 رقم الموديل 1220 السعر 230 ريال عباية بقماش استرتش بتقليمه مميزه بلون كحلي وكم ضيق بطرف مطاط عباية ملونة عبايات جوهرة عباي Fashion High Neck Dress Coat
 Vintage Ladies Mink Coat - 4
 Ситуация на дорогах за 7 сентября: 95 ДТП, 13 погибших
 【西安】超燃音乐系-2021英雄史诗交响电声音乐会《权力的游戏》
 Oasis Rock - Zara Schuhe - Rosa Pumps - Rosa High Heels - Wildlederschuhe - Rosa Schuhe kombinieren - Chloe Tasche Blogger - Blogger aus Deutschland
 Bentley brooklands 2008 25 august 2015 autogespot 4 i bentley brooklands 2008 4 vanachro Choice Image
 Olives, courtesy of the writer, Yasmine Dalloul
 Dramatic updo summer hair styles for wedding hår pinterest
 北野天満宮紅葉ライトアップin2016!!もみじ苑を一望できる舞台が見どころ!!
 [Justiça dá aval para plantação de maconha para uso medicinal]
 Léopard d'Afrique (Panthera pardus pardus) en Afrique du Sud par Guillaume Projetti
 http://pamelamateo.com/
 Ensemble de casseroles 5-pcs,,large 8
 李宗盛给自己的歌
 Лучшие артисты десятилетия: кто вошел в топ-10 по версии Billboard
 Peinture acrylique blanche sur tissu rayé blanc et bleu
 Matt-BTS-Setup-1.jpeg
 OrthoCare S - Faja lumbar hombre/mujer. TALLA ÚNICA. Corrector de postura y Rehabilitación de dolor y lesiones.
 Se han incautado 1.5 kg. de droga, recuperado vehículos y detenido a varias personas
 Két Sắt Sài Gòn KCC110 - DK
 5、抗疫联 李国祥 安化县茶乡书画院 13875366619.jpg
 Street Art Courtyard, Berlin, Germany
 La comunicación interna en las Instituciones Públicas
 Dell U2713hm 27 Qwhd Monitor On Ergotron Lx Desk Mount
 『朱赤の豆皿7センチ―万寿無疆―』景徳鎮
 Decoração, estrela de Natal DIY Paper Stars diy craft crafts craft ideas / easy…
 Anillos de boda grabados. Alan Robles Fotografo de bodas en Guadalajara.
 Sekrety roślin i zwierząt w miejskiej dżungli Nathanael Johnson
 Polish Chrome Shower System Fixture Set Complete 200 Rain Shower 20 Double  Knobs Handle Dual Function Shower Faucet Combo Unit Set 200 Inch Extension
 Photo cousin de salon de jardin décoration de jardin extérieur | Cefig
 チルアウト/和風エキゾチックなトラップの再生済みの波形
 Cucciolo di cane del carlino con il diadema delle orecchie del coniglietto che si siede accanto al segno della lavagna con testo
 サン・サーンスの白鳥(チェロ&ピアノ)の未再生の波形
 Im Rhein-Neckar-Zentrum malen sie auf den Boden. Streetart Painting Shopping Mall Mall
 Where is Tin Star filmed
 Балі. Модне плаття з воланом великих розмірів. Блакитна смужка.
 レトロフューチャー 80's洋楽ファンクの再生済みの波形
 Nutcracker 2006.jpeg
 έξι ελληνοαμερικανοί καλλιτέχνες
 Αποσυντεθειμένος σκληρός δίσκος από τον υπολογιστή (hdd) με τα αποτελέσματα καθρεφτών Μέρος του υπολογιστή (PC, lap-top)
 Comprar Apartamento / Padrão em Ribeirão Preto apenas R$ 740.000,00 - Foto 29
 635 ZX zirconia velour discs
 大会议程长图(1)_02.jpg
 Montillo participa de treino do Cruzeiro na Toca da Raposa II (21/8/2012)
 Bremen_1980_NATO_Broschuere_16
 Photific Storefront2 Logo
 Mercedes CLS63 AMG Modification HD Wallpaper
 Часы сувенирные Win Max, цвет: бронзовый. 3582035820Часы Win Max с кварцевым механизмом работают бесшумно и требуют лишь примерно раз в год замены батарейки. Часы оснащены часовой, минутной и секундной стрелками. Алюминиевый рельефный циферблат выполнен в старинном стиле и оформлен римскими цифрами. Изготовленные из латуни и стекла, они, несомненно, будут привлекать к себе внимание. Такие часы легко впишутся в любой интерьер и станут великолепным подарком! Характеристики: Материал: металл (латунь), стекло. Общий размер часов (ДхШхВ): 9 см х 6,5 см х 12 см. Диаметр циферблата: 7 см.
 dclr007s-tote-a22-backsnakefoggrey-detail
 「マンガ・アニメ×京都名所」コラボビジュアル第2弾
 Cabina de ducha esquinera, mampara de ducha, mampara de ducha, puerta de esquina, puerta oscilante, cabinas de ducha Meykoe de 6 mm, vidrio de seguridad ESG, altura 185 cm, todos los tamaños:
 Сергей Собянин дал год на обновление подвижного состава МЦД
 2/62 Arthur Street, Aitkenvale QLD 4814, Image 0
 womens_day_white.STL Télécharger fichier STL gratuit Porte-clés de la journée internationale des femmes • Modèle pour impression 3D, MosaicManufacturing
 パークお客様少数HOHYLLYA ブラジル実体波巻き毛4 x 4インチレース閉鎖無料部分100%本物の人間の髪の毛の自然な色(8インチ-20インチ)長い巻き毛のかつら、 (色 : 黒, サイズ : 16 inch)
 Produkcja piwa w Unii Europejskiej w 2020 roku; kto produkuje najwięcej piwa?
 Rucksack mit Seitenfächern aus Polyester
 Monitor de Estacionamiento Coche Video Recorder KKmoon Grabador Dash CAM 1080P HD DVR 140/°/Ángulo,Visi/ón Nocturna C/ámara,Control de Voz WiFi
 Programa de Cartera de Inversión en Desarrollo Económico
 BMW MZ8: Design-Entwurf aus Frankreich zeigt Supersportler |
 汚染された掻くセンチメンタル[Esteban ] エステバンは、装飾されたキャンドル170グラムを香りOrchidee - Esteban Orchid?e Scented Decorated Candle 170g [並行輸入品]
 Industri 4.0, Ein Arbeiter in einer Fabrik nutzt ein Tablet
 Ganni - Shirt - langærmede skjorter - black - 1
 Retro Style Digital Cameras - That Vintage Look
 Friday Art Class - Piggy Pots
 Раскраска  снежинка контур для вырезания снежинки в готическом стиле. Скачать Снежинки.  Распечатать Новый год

§ **TASK DETAILS**
Output the whole listing exactly.

§ **ANSWER TO THE EXERCISE**
 رقم الموديل 1220 السعر 230 ريال عباية بقماش استرتش بتقليمه مميزه بلون كحلي وكم ضيق بطرف مطاط عباية ملونة عبايات جوهرة عباي Fashion High Neck Dress Coat
 Vintage Ladies Mink Coat - 4
 Ситуация на дорогах за 7 сентября: 95 ДТП, 13 погибших
 【西安】超燃音乐系-2021英雄史诗交响电声音乐会《权力的游戏》
 Oasis Rock - Zara Schuhe - Rosa Pumps - Rosa High Heels - Wildlederschuhe - Rosa Schuhe kombinieren - Chloe Tasche Blogger - Blogger aus Deutschland
 Bentley brooklands 2008 25 august 2015 autogespot 4 i bentley brooklands 2008 4 vanachro Choice Image
 Olives, courtesy of the writer, Yasmine Dalloul
 Dramatic updo summer hair styles for wedding hår pinterest
 北野天満宮紅葉ライトアップin2016!!もみじ苑を一望できる舞台が見どころ!!
 [Justiça dá aval para plantação de maconha para uso medicinal]
 Léopard d'Afrique (Panthera pardus pardus) en Afrique du Sud par Guillaume Projetti
 http://pamelamateo.com/
 Ensemble de casseroles 5-pcs,,large 8
 李宗盛给自己的歌
 Лучшие артисты десятилетия: кто вошел в топ-10 по версии Billboard
 Peinture acrylique blanche sur tissu rayé blanc et bleu
 Matt-BTS-Setup-1.jpeg
 OrthoCare S - Faja lumbar hombre/mujer. TALLA ÚNICA. Corrector de postura y Rehabilitación de dolor y lesiones.
 Se han incautado 1.5 kg. de droga, recuperado vehículos y detenido a varias personas
 Két Sắt Sài Gòn KCC110 - DK
 5、抗疫联 李国祥 安化县茶乡书画院 13875366619.jpg
 Street Art Courtyard, Berlin, Germany
 La comunicación interna en las Instituciones Públicas
 Dell U2713hm 27 Qwhd Monitor On Ergotron Lx Desk Mount
 『朱赤の豆皿7センチ―万寿無疆―』景徳鎮
 Decoração, estrela de Natal DIY Paper Stars diy craft crafts craft ideas / easy…
 Anillos de boda grabados. Alan Robles Fotografo de bodas en Guadalajara.
 Sekrety roślin i zwierząt w miejskiej dżungli Nathanael Johnson
 Polish Chrome Shower System Fixture Set Complete 200 Rain Shower 20 Double  Knobs Handle Dual Function Shower Faucet Combo Unit Set 200 Inch Extension
 Photo cousin de salon de jardin décoration de jardin extérieur | Cefig
 チルアウト/和風エキゾチックなトラップの再生済みの波形
 Cucciolo di cane del carlino con il diadema delle orecchie del coniglietto che si siede accanto al segno della lavagna con testo
 サン・サーンスの白鳥(チェロ&ピアノ)の未再生の波形
 Im Rhein-Neckar-Zentrum malen sie auf den Boden. Streetart Painting Shopping Mall Mall
 Where is Tin Star filmed
 Балі. Модне плаття з воланом великих розмірів. Блакитна смужка.
 レトロフューチャー 80's洋楽ファンクの再生済みの波形
 Nutcracker 2006.jpeg
 έξι ελληνοαμερικανοί καλλιτέχνες
 Αποσυντεθειμένος σκληρός δίσκος από τον υπολογιστή (hdd) με τα αποτελέσματα καθρεφτών Μέρος του υπολογιστή (PC, lap-top)
 Comprar Apartamento / Padrão em Ribeirão Preto apenas R$ 740.000,00 - Foto 29
 635 ZX zirconia velour discs
 大会议程长图(1)_02.jpg
 Montillo participa de treino do Cruzeiro na Toca da Raposa II (21/8/2012)
 Bremen_1980_NATO_Broschuere_16
 Photific Storefront2 Logo
 Mercedes CLS63 AMG Modification HD Wallpaper
 Часы сувенирные Win Max, цвет: бронзовый. 3582035820Часы Win Max с кварцевым механизмом работают бесшумно и требуют лишь примерно раз в год замены батарейки. Часы оснащены часовой, минутной и секундной стрелками. Алюминиевый рельефный циферблат выполнен в старинном стиле и оформлен римскими цифрами. Изготовленные из латуни и стекла, они, несомненно, будут привлекать к себе внимание. Такие часы легко впишутся в любой интерьер и станут великолепным подарком! Характеристики: Материал: металл (латунь), стекло. Общий размер часов (ДхШхВ): 9 см х 6,5 см х 12 см. Диаметр циферблата: 7 см.
 dclr007s-tote-a22-backsnakefoggrey-detail
 「マンガ・アニメ×京都名所」コラボビジュアル第2弾
 Cabina de ducha esquinera, mampara de ducha, mampara de ducha, puerta de esquina, puerta oscilante, cabinas de ducha Meykoe de 6 mm, vidrio de seguridad ESG, altura 185 cm, todos los tamaños:
 Сергей Собянин дал год на обновление подвижного состава МЦД
 2/62 Arthur Street, Aitkenvale QLD 4814, Image 0
 womens_day_white.STL Télécharger fichier STL gratuit Porte-clés de la journée internationale des femmes • Modèle pour impression 3D, MosaicManufacturing
 パークお客様少数HOHYLLYA ブラジル実体波巻き毛4 x 4インチレース閉鎖無料部分100%本物の人間の髪の毛の自然な色(8インチ-20インチ)長い巻き毛のかつら、 (色 : 黒, サイズ : 16 inch)
 Produkcja piwa w Unii Europejskiej w 2020 roku; kto produkuje najwięcej piwa?
 Rucksack mit Seitenfächern aus Polyester
 Monitor de Estacionamiento Coche Video Recorder KKmoon Grabador Dash CAM 1080P HD DVR 140/°/Ángulo,Visi/ón Nocturna C/ámara,Control de Voz WiFi
 Programa de Cartera de Inversión en Desarrollo Económico
 BMW MZ8: Design-Entwurf aus Frankreich zeigt Supersportler |
 汚染された掻くセンチメンタル[Esteban ] エステバンは、装飾されたキャンドル170グラムを香りOrchidee - Esteban Orchid?e Scented Decorated Candle 170g [並行輸入品]
 Industri 4.0, Ein Arbeiter in einer Fabrik nutzt ein Tablet
 Ganni - Shirt - langærmede skjorter - black - 1
 Retro Style Digital Cameras - That Vintage Look
 Friday Art Class - Piggy Pots
 Раскраска  снежинка контур для вырезания снежинки в готическом стиле. Скачать Снежинки.  Распечатать Новый год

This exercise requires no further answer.